The child and his father are two of the many victims of the dirty secret operations that NATO conducted for years in Afghanistan. Their fate is described in secret documents to which SPIEGEL was given access. Some of the documents concerning the International Security Assistance Force (ISAF) and the NSA and GCHQ intelligence services are from the archive of whistleblower Edward Snowden. Included is the first known complete list of the Western alliance’s “targeted killings” in Afghanistan. The documents show that the deadly missions were not just viewed as a last resort to prevent attacks, but were in fact part of everyday life in the guerilla war in Afghanistan.

The existence of documents relating to the so-called Joint Prioritized Effects List (JPEL) has only been described in vague terms until now. The missions by US special units are mentioned but not discussed in detail in the US Army Afghanistan war logs published by WikiLeaks in 2010. The documents that have now become accessible provide, for the first time, a systematic view of the targeted killings. They outline the criteria used to determine who was placed on the list and why.

The list, which included up to 750 people at times, proves for the first time that NATO didn’t just target the Taliban leadership, but also eliminated mid- and lower-level members of the group on a large scale. Some Afghans were only on the list because, as drug dealers, they were allegedly supporting the insurgents.


Adding a Name

Adding a name to the list was preceded by a month’s-long process, in which evidence was gathered, including bugged phone conversations, reports by informants and photos. In the end, the respective ISAF regional commander decided whether a suspect should be added to the list.

When an operation could potentially result in civilian casualties, ISAF headquarters in Kabul had to be involved. “The rule of thumb was that when there was estimated collateral damage of up to 10 civilians, the ISAF commander in Kabul was to decide whether the risk was justifiable,” says an ISAF officer who worked with the lists for years. If more potential civilian casualties were anticipated, the decision was left up to the relevant NATO headquarters office. Bodyguards, drivers and male attendants were viewed as enemy combatants, whether or not they actually were. Only women, children and the elderly were treated as civilians.

If a Taliban fighter was repeatedly involved in deadly attacks, a “weighing of interests” was performed. The military officials would then calculate how many human lives could be saved by the “kill,” and how many civilians would potentially be killed in an airstrike.

The case of an Afghan soldier named Hussein, number 3,341 on the list, shows how coldly NATO sometimes treated the lives of suspects. According to the documents, Hussein was suspected of involvement in an attack on ISAF forces in Helmand. A corporal in the Afghan army, he had allegedly deserted and was now on the run, presumably to join the Taliban.

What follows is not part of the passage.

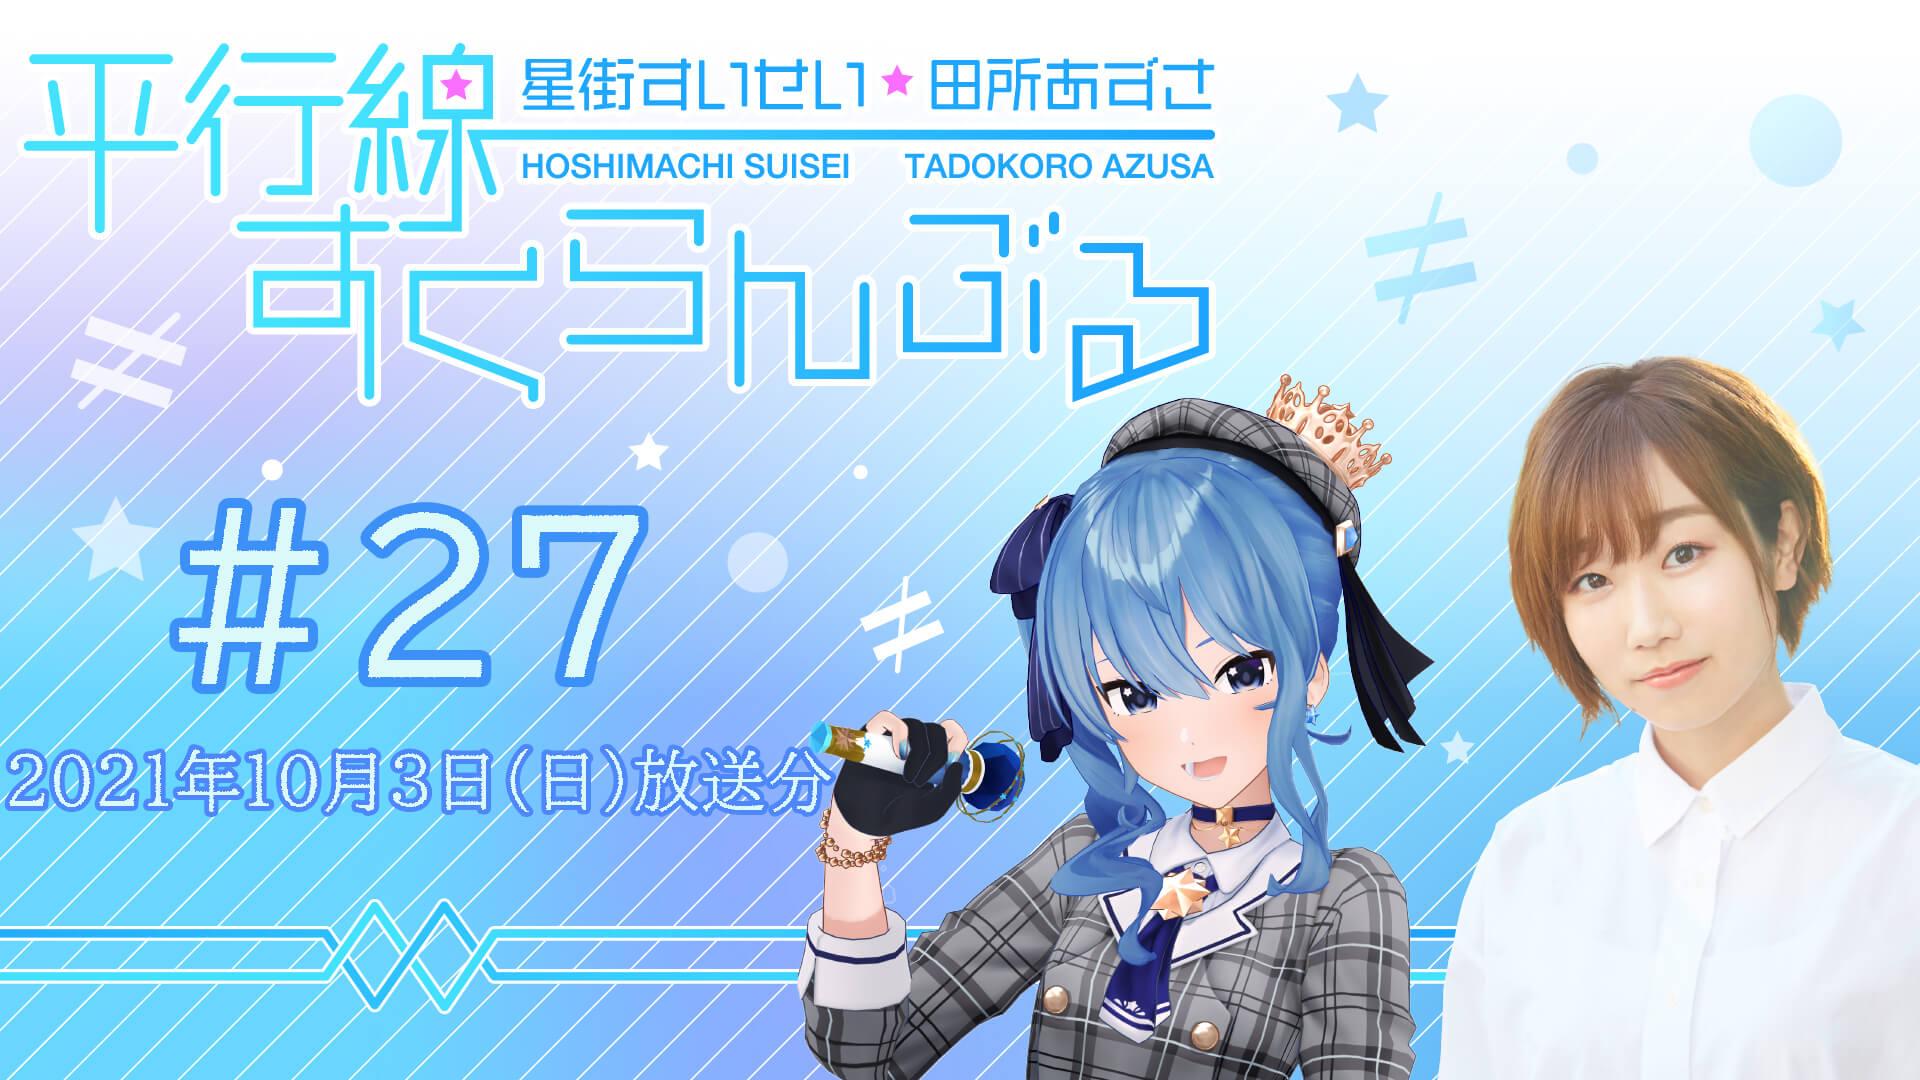 #27『星街すいせい・田所あずさ 平行線すくらんぶる』(2021年10月3日放送分)

NATO officials placed him on the list in the summer of 2010, as one of 669 individuals at the time. He was given the code name “Rumble” and assigned to priority level 2.

The NATO soldiers discussed the pros and cons of his killing. “The removal of Hussein will eradicate a rogue ANA SNCO from the ranks and prevent his recruitment into the (insurgency),” the assessment reads. “It will also send a clear message to any other potential ‘sleepers’.” The killing of Hussein was intended primarily as a symbol of deterrence.

But, the internal assessment continues, a disadvantage of killing the deserter was that any information Hussein might have would be lost.

Some of the JPEL candidates were only listed as being under observation or to be taken into custody. According to the current documents, in 2010 NATO even added Atta Mohammed Noor, a governor in northern Afghanistan, to the list. Noor, an ethnic Tajik and former warlord, had become wealthy through smuggling in the turmoil of war, and he was seen as someone who ruthlessly eliminated his enemies. He was listed as number 1,722 on the NATO list and given a priority level of three, but NATO merely collected information about Noor, rather than placing him on the kill list.

Death by Metadata

The documents suggest that sometimes locating a mobile phone was all it took to set the military machinery in motion. The search for the Taliban phone signals was “central to the success of operations,” states a secret British report from October 2010.

As one document states, Predator drones and Eurofighter jets equipped with sensors were constantly searching for the radio signals from known telephone numbers tied to the Taliban. The hunt began as soon as the mobile phones were switched on.

Britain’s GCHQ and the US National Security Agency (NSA) maintained long lists of Afghan and Pakistani mobile phone numbers belonging to Taliban officials. A sophisticated mechanism was activated whenever a number was detected. If there was already a recording of the enemy combatant’s voice in the archives, it was used for identification purposes. If the pattern matched, preparations for an operation could begin. The attacks were so devastating for the Taliban that they instructed their fighters to stop using mobile phones.

The document also reveals how vague the basis for deadly operations apparently was. In the voice recognition procedure, it was sufficient if a suspect identified himself by name once during the monitored conversation. Within the next 24 hours, this voice recognition was treated as “positive target identification” and, therefore, as legitimate grounds for an airstrike. This greatly increased the risk of civilian casualties.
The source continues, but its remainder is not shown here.